# Free photo editing software



## sailor86 (Feb 18, 2009)

Although Gimp seems like a very versatile software, the support is terrible. A good deal of the time I cannot connect with the website. So I'm seeking out an alternative free software package that includes layering. Does Paint.Net fit the bill?


----------



## Wrench97 (May 10, 2008)

Paint.net does but I found gimp easier to use.


----------



## sailor86 (Feb 18, 2009)

But I have a hard time accessing their website for support. Perhaps you can help me. I was following the directions on removing background. I outlined the image, created the "crawling ants", hit Delete like instructed but instead of deleting the background, it deleted the object. What did I do wrong?


----------



## zuluclayman (Dec 16, 2005)

In all image manipulation software the area within the "crawling ants" is what is selected therefore is what is affected if you hit delete - or apply any other effect/command.

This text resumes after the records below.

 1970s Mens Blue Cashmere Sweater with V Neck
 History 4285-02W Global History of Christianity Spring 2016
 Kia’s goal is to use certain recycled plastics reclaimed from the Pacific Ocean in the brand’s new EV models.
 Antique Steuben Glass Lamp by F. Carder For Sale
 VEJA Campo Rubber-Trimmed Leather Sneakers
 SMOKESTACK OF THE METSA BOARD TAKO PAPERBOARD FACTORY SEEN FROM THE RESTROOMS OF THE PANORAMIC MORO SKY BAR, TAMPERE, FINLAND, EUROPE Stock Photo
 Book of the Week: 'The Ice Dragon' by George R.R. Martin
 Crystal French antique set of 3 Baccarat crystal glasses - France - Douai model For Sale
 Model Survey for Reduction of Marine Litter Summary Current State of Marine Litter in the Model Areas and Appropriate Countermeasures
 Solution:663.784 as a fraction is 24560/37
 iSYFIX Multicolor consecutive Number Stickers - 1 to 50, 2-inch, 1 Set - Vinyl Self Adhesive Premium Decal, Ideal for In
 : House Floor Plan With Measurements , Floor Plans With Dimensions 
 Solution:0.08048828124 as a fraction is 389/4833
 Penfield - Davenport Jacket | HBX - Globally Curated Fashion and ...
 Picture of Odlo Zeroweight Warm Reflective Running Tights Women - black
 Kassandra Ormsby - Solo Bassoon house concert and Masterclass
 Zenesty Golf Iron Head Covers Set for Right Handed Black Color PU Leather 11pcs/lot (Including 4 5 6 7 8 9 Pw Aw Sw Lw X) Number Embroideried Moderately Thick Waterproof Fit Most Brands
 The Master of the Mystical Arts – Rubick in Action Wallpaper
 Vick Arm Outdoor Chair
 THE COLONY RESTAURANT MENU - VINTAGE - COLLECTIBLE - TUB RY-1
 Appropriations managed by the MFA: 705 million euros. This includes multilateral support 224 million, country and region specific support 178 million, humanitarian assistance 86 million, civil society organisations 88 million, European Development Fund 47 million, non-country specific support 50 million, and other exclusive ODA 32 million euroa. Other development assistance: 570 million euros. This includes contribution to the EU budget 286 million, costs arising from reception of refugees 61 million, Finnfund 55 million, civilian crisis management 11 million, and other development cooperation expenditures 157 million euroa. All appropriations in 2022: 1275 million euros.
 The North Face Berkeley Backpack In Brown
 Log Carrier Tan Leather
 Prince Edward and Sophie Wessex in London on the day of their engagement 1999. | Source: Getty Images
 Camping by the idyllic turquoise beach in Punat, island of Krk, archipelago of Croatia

To delete the background you can do what you have done which is to select the image, then go to "Selection" menu and choose "Inverse" or "Invert selection" (I no longer have GIMP on my current comp so am trying to remember command names used - I use Photoshop and some are named differently but do the same thing :grin

This will then make the background be the area selected - you should see the "crawling ants" move to be surrounding the background - then just hit Delete and the background will disappear.


----------